A verdade é que os bens arqueológicos estão disseminados
pelo território, originando sentimentos de pertença
comunitária muito fortes, porventura ingénuos, mas
estimáveis. O sítio musealizado, o centro interpretativo e
o “pequeno museu” local constituem por isso instrumentos
básicos de cidadania. É certo que, em certo sentido,
podemos afirmar que a cidadania plena apenas se atinge
com a percepção daquilo que está para além da nossa rua,
sendo o plano do Estado-Nação um dos que historicamente
mais nos mobiliza e que de modo algum julgamos
ultrapassado. E, já que falamos de arqueologia, sabemos
bem como numerosos vestígios de tempos remotos não
constituem sequer pertença de países particulares, porque
objectivamente são património comum de regiões inteiras
ou até da humanidade, no seu todo. Assim é, facto.

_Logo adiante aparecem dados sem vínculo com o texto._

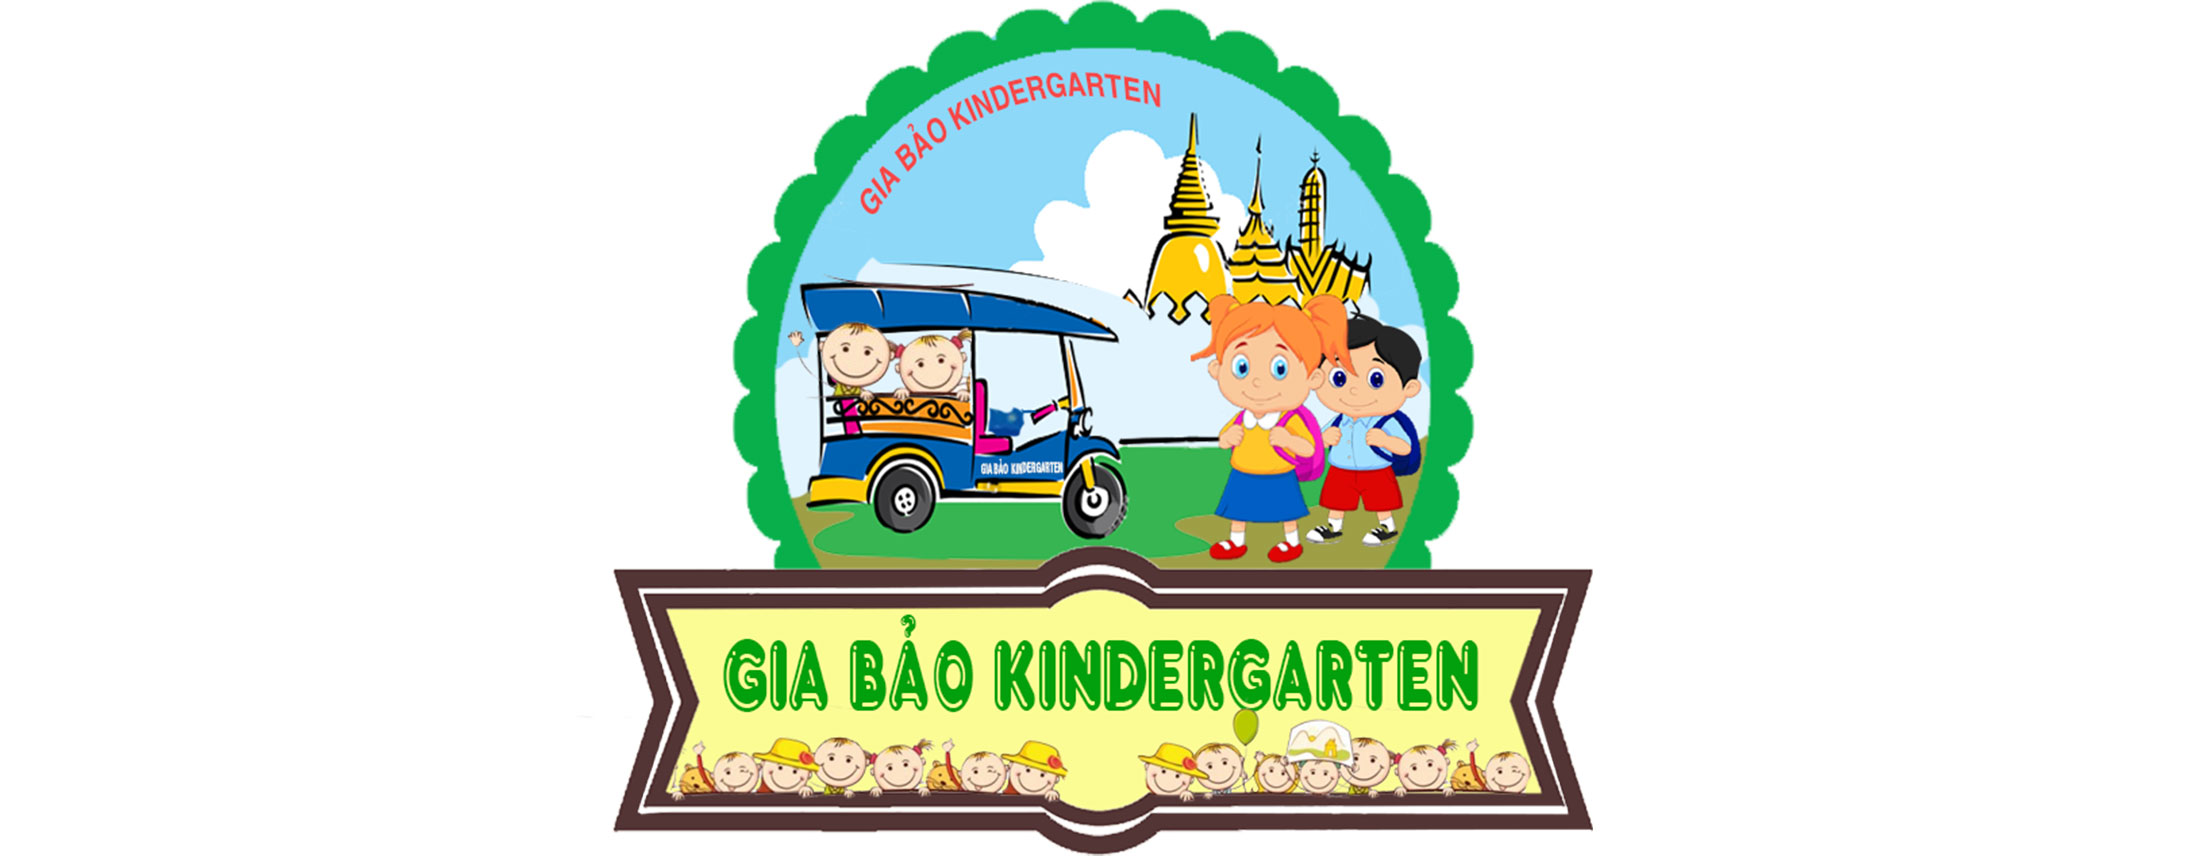 Logo_Gia Bao

Uma boa articulação de museus de arqueologia não pode
dispensar nenhuma das escalas. Em Portugal, país de tão
longa sedimentação histórica, a situação nem sequer é
complicada. Devido à tradição e à nossa própria dimensão,
estamos convictos que o local e o nacional tenderão a
polarizar por muitos e bons anos o modus vivendi social,
inclusive no mundo dos museus de arqueologia.